Use of Finance Formula’s
Business Finance Formulas provide information on investments made for growth opportunities and business operations. These formulas help the business compare their total cost of financial decisions in terms of profits and losses. By setting the minimum return percentage higher, it ensures maximum profitability for the business.
These formulas are used in several functions such as Return on Investment, net present value and payback period in order to ensure long-term viability of the business.
Performing Business Finance Analysis
To rely solely on formulas would be a mistake, therefore, a qualitative analysis can round out the decision-making process by including expertise and personal experience. Using the survey results or the brand image or any other kind of non-measurable data can help you analyze the situation qualitatively.
Information that cannot be measured or quantified is used in the qualitative analysis. Even though it does not mean that formulas are useless or do not work perfectly, this analysis tool rather gives the managers a greater level of comfort when they make their final financial decision.
Businesses’ Financial Forecasting
This kind of forecasting helps in determining the company’s future financial status including the capital expenses, profits or losses of the stakeholders and investors and much more. Even though these forecasts are not a 100% accurate and promising, it still is a method to evaluate any financial risk for the stakeholder’s investment or returns.
A business uses these forecasts to develop new strategies and plans which might help the business grow to their fullest potential in the future.
Once the forecasting of the business finance is complete, the budgeting process begins. Preparing a budget with numerous line items representing dollar value and proper allocation of the capital in terms of assets or equity, helps in gauging spending and saving practices which might hinder the financial objectives of the business.
Budgeting is important to create and adhere to, because it helps in evaluating the financial risks, maintaining the balance sheets of the business and also to keep a financial track of the funds coming in and going out.
Creates Factual Financial Results
Using the mathematical and statistical formulas, any business can create factual financial results and establish facts related to business information.
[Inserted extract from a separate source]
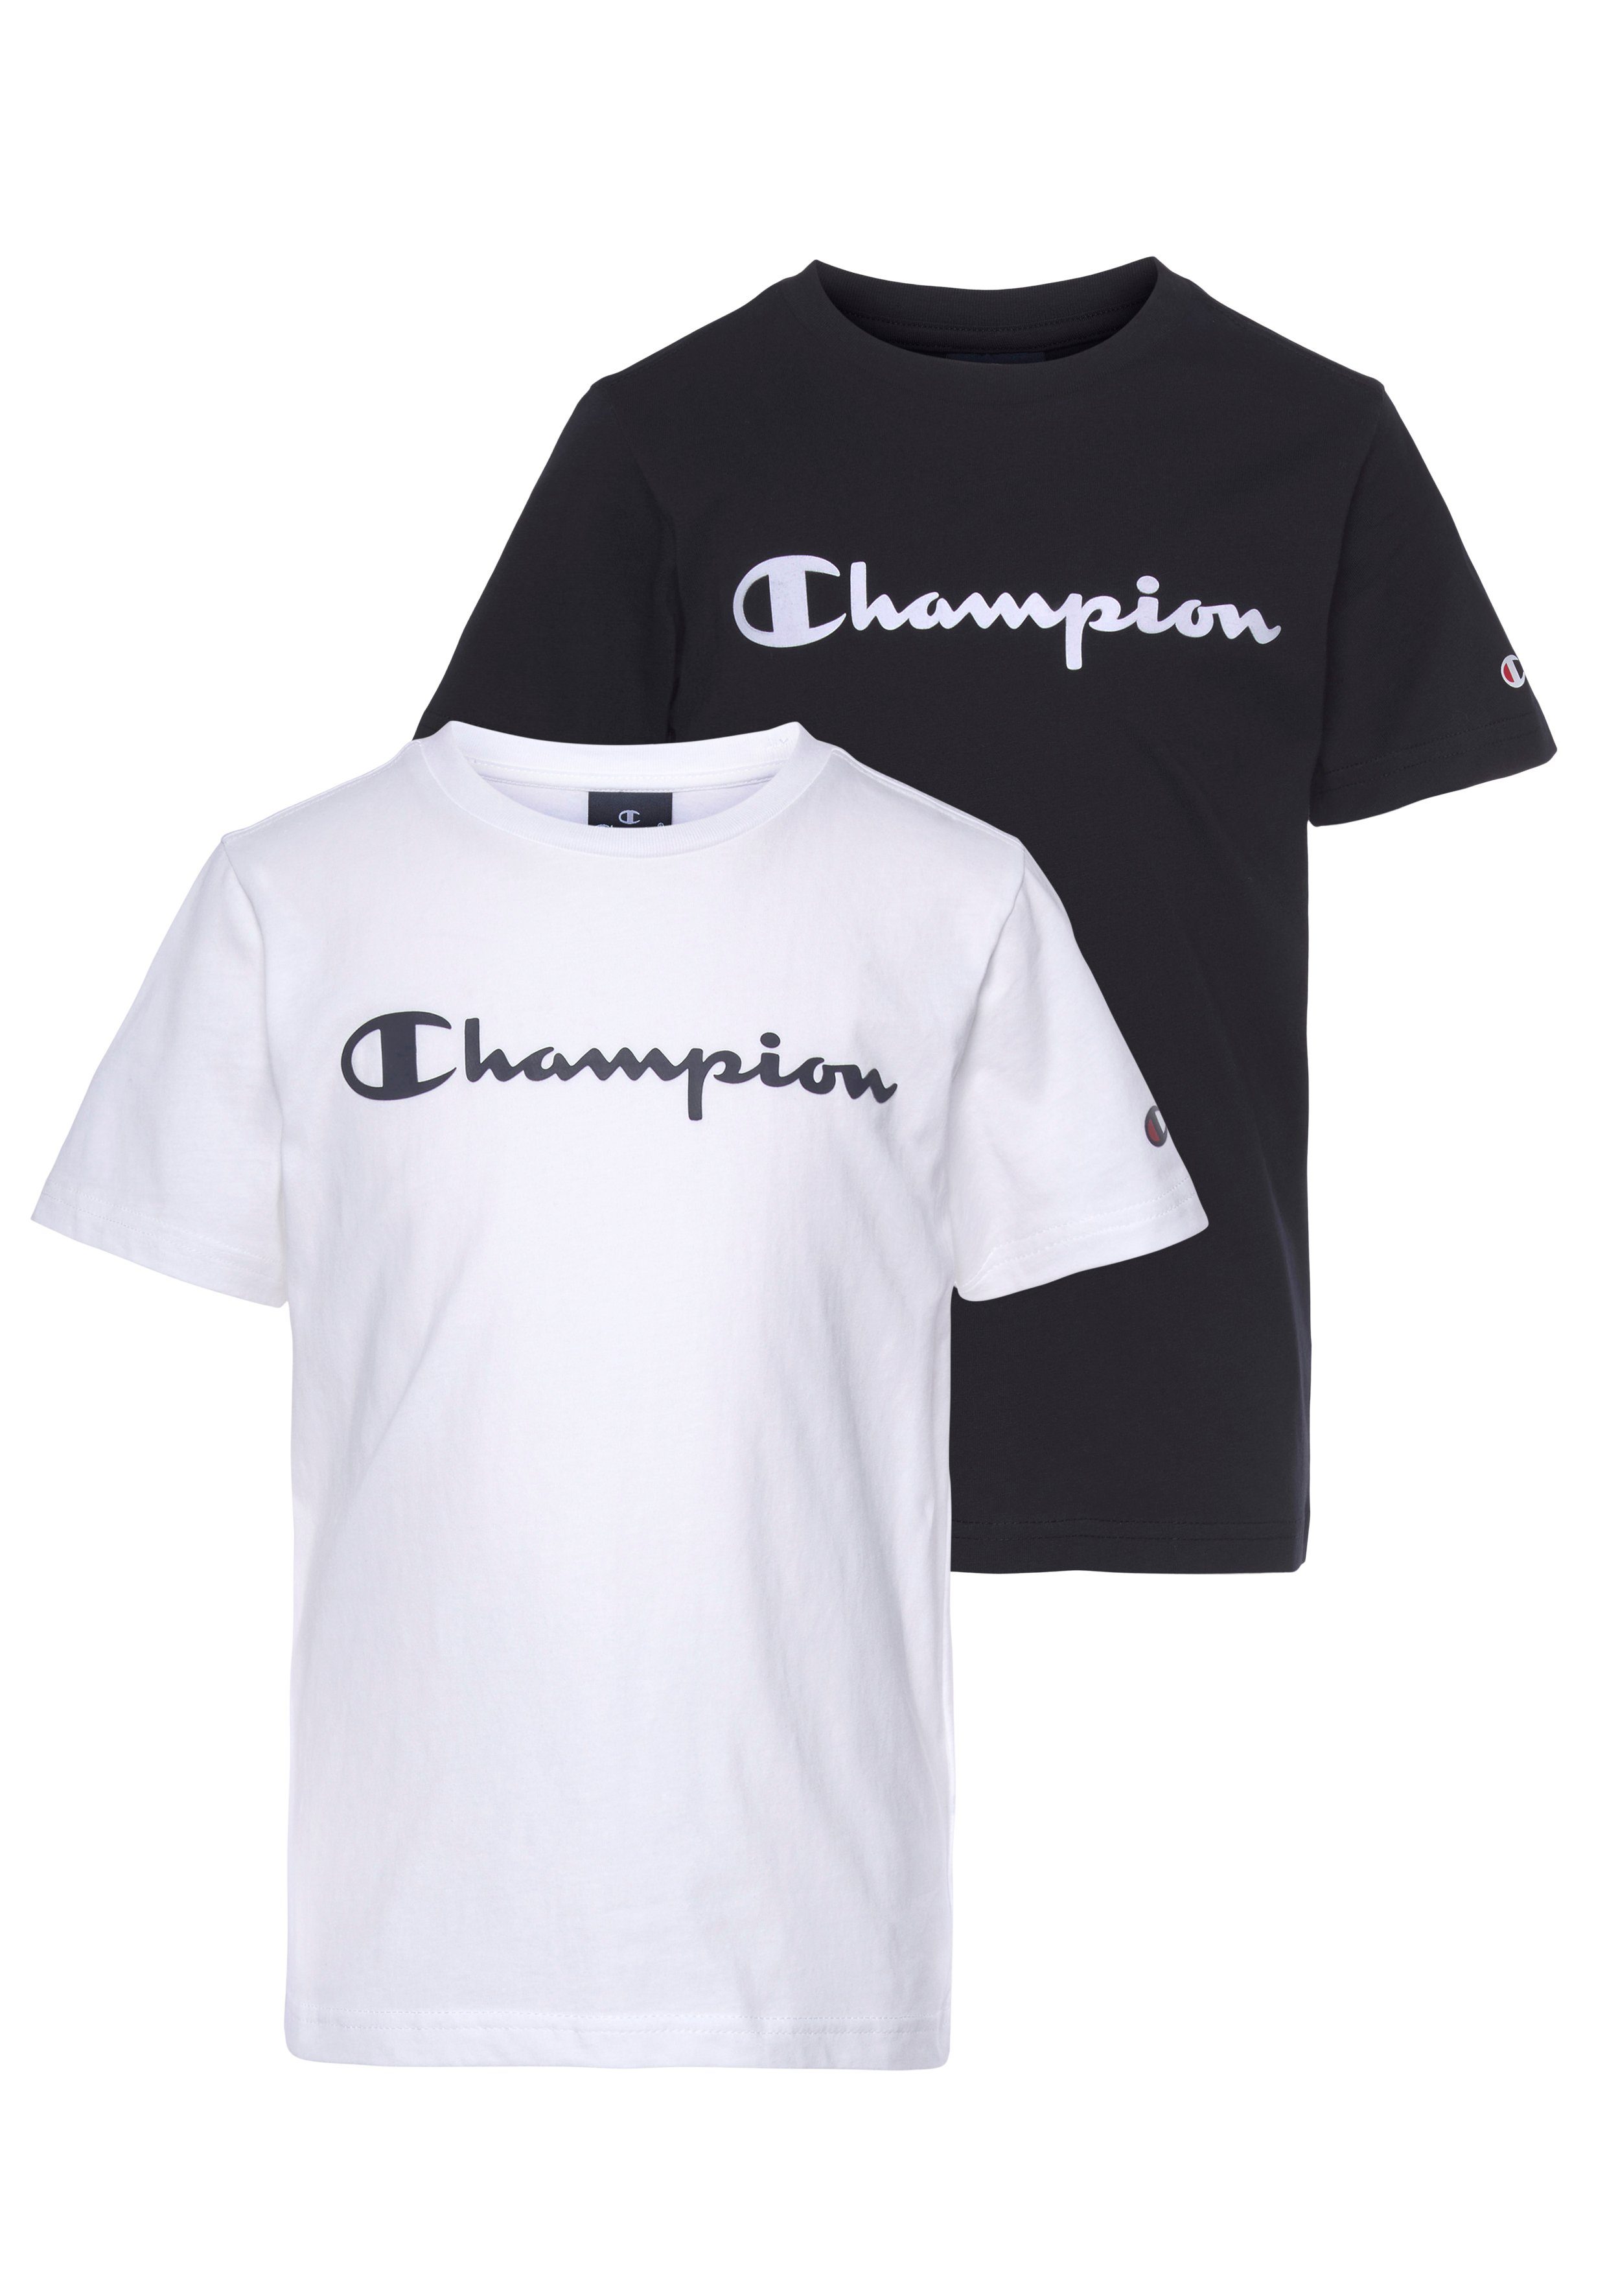 Beliebte Artikel T-Shirt Crewneck für Kinder 2Pack - Champion T-Shirt schwarz-weiß

The financial facts can be established based on the current economic conditions and if the market is ready for your products and further plan.
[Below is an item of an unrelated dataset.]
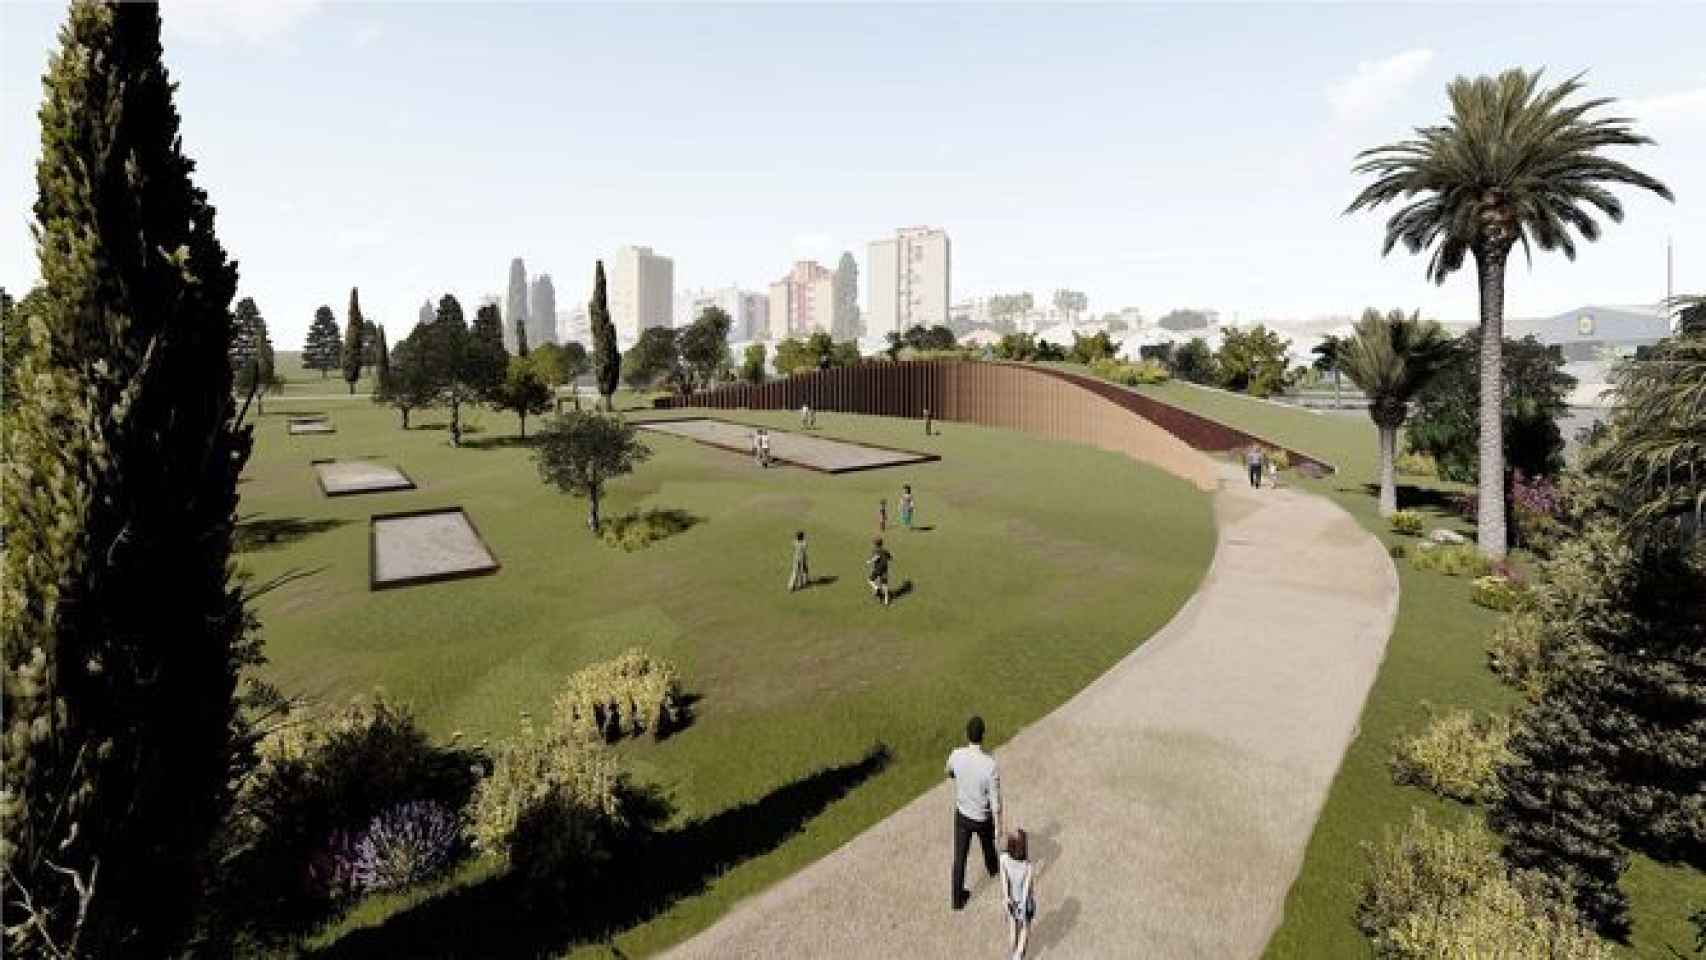 Diseño del equipamiento previsto en el parque de San Rafael, en Málaga.

Internal business formulas aim at eliminating waste and expanding production and output in operations, whereas, external business formulas aim at examining the potential opportunities associated with accomplishing the business goals and objectives.
Manages Payables and Receivables
Business finance manages the payables and receivables of the organization. If the business has a finance department with several staff members to manage cash inflow and outflow, it is easier for creditors, vendors and employees to expect prompt payments. To keep running the operations without obstacles, it is important to execute the right amount of liquidity.
Helps in Maintaining Financial Books and Reports
With a simple process of registering all the financial transactions occurred and keeping systemized books to record, analyze and interpret the day-to-day financial transactions of a business simplifies the complicated task of maintaining financial books and confusion in records.
Also, if a business has shareholders or outside financing, they will have a standard requirement external reporting. Maintaining reports is also important for budgeting and data forecasting for stakeholders to determine the right time to buy or sell their stocks. This process relies on accurate data for making final decisions.
Following the above functions and principles, your business is on the path to grow and succeed. Business Finance being the backbone of the organization, these functions help in acquisition and conservation of capital funds fulfilling the financial requirements of any business enterprise.